Normalement, il vaudrait mieux le faire de façon consciente, pour éviter la double ignorance (croire savoir ce qu’on ne sait pas), situation dans laquelle se trouvent nos écoles en ce moment. Elles prétendent n’enseigner que « le savoir », sans aucun système de croyances en amont. Nos écoles, encore une fois, sont athées et l’athéisme, c’est une croyance.
Convertissez-vous les uns les autres
Certains chroniqueurs de droite demandent, en commentant l’histoire de Bedford, une assimilation des musulmans par le Québec. Or assimiler, c’est convertir.
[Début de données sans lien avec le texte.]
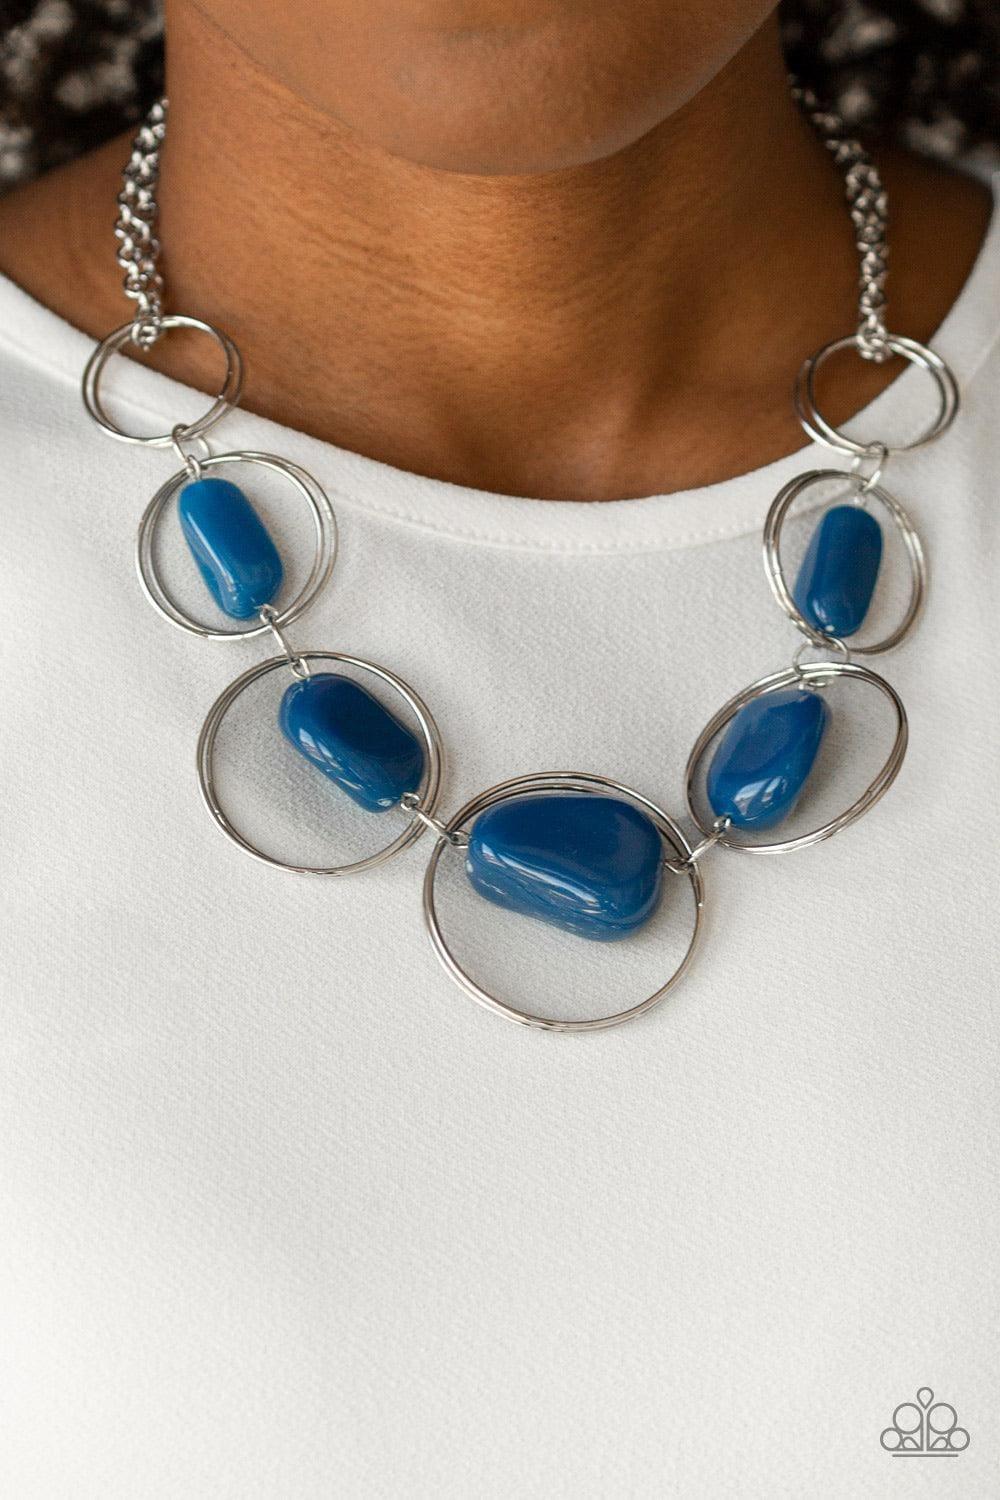 Paparazzi Accessories - Travel Log - Blue Necklace - Bling by JessieK

En fait, tout le monde veut convertir tout le monde. C’est normal et même sain. Je me souviens encore d’une amie en philosophie. Après une longue journée de conférences, nous nous sommes retrouvées au restaurant. Au moment où j’allais croquer mon burger, elle me lance : « je pensais que tu étais une bonne personne ». S’ensuit une longue conversation pour me convertir au véganisme.
Je n’ai rien contre le véganisme. Mais si Dieu ne voulait pas qu’on mange les cochons, pourquoi il les a faits en bacon ?
Dans tous les cas, bien que j’avoue avoir été profondément ennuyée d’être dérangée pendant que je me sustentais, j’admire le courage et l’intérêt de mon amie pour ma pauvre personne. Bien sûr qu’elle a raison de vouloir me convertir si elle croit de tout son cœur au véganisme !
J’ai bien tenté de la convertir au christianisme, de mon côté. Il fallait bien que je lui rende la pareille et que je lui montre que je l’aime assez pour lui partager, moi aussi, mes convictions.
Rancard express religieux
Il existe toutes sortes de cafés, aujourd’hui. Des cafés pour faire de la poterie, pour flatter des chats, des cafés dans le noir, etc. Pourquoi pas un café de speed dating religieux?
Tu t’assois et tu places un écriteau devant toi : catholique, musulman, athée, végan, peu importe. Plutôt que de feindre que tout le monde peut se mettre d’accord dans la vie politique et éducative, même en ayant une vision du monde complètement à l’opposé, on devrait se confronter un peu plus les uns les autres. Pas derrière un écran, mais de manière plus traditionnelle : c’est-à-dire dans le blanc des yeux.